2 July 2020| | 3 min read
Planned bridge closures to encourage healthier ways to get around and safer streets in neighbourhoods
Further measures to improve road safety in local neighbourhoods are being put in place by Newcastle City Council.
A series of bridges in local areas that have been identified as being used by higher levels of traffic than is appropriate, will be closed to traffic to meet the rising demand for better walking and cycling facilities in residential areas.
Five bridges have initially been identified, as part of a rolling programme of improvements for local areas, which include reducing traffic levels in neighbourhoods, social distancing measures in local shopping areas and developing safe routes for children to walk and cycle to schools.
The bridges include:
Salters Bridge, Parklands ward
Castle Farm Road, Dene and South Gosforth
Haldane Bridge, South Jesmond
Argyle Street Bridge, Ouseburn
Stoneyhurst Bridge, Dene and South Gosforth
All the bridges are key routes for people walking or cycling to local schools or amenities but suffer from high levels of traffic cutting through residential streets rather than using more appropriate routes. The council want to reduce the levels of traffic in local residential areas and by closing off these routes, are acting to stop unnecessary traffic from driving through local streets.

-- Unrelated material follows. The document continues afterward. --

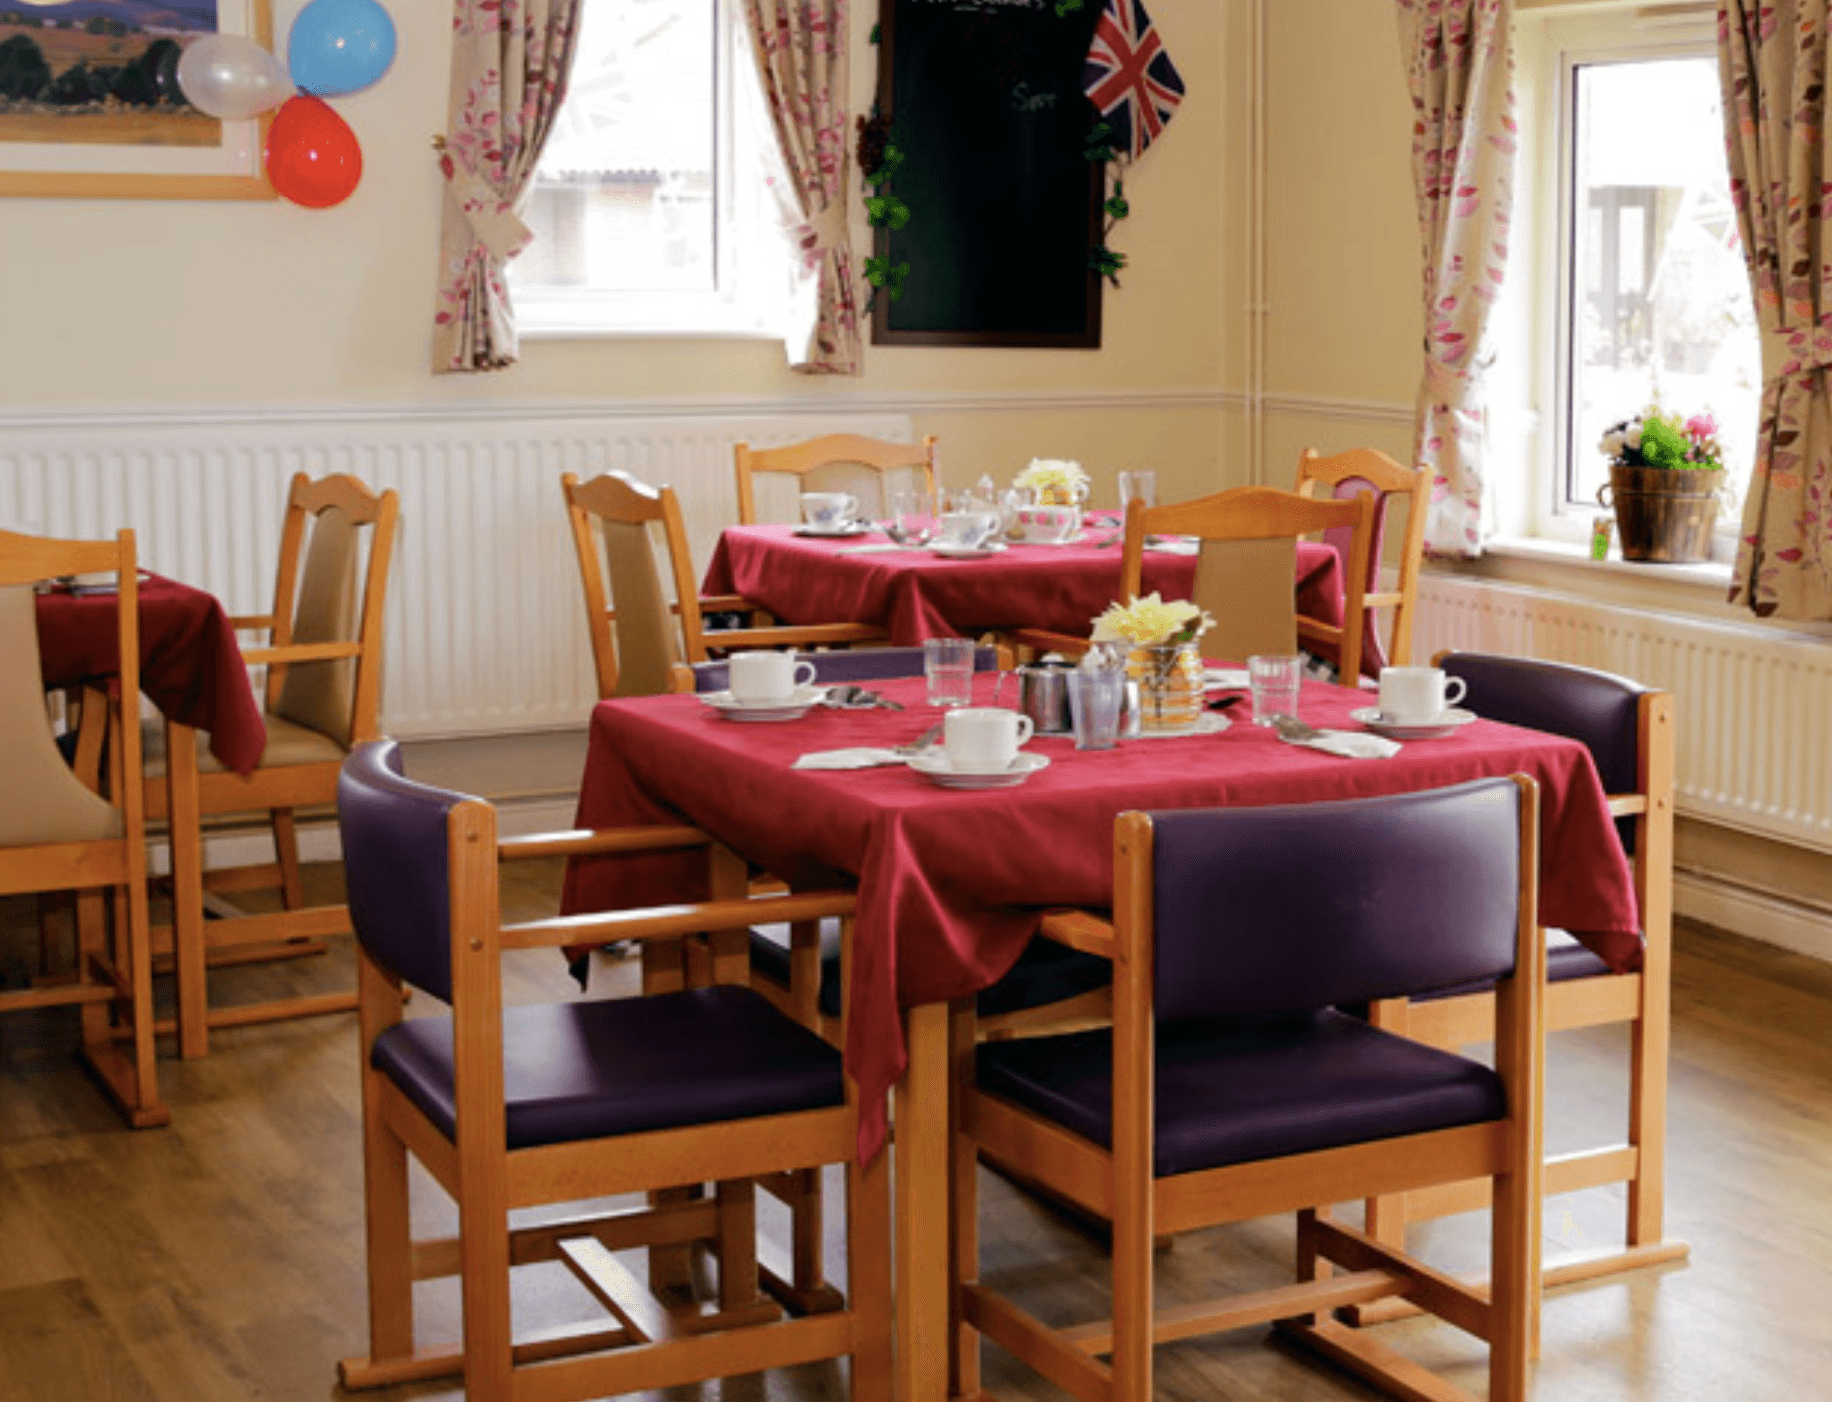 Dining area of Hill View Care Home in Clydebank,Scotland

Using Experimental Traffic Regulation Orders, the council has the legal powers to close the bridges by early August, which will ensure statutory consultees have time to consider the proposals. By using experimental legal orders, the council is indicating its intention to make these closures permanent, but a public consultation period will take place for the first six months after the closures are put in place. During this time, residents can leave feedback and comments on the closure, and these will be considered before a final decision is made on whether or not to make the changes permanent.
Cllr Arlene Ainsley, cabinet member for transport and air quality said: “Keeping our communities safe and encouraging greener, cleaner and safer ways of travel in local neighbourhoods is the focus of this programme of work.
“I am delighted by the public’s increased appetite for walking and cycling opportunities and this first package of measures will allow a small investment to have big improvements. By closing these small bridges to vehicles, we can ensure that people can enjoy their neighbourhoods more and feel safer getting around by walking or on their bikes.
“Although these schemes were developed to aid social distancing, they also form part of our wider ambitions to ensure a safer, greener, cleaner transport network across the city – and safer neighbourhoods that are not choked by traffic and pollution.”
Salters Bridge was closed for two-years in July 2017 in a bid to stop significant diversions and to ease congestion during the £13.5 million revamp of Killingworth Road. The closure was made as a temporary change relating to the roadworks, with the council indicating that a long-term decision would be made at a later date. Since the bridge re-opened, the council has had to issue warnings to drivers of HGVs and other large vehicles for ignoring weight restrictions on a 3.5 tonne, Grade 1 listed mediaeval bridge. Tens of thousands of vehicles were also clocked speeding in the area.
In Jesmond, several changes have been made in the Brandling Village area to help facilitate increasing numbers of people and cycling, as well as to alleviate some of the issues associated with school traffic in the area. Feedback on these changes from residents has been acted upon, with new measures being installed from this week, including changes to footways to help people recognise park entrances on Brandling Park, some resurfacing to help highlight locations where people on bikes will be crossing junctions and also additional signage and new road markings. These improvements will facilitate the closure to Haldane Bridge, which has been the subject of a petition received by the council last year.
Many of the bridges have been the subject to local campaigning to close them to vehicles and while some residents may want access to remain open, the council believes there will also be high levels of support within local communities.
By using experimental legal orders, it enables people the opportunity to experience the changes for several months before deciding their views.
Statutory consultation will begin in the next few days, and legal orders drafted, with the closures in place from early August. The council will then install large temporary cylinders or other suitable items will be in place to stop vehicles passing. The formal public consultation will then start, and the council will publicise how the public can take part.
As well as reducing traffic in local neighbourhoods, in the coming weeks and months, the council will be looking at making further changes to the city-wide transport system including improving bus priority on key routes and reducing traffic and ensuring all roads are 20mph speed limits around schools.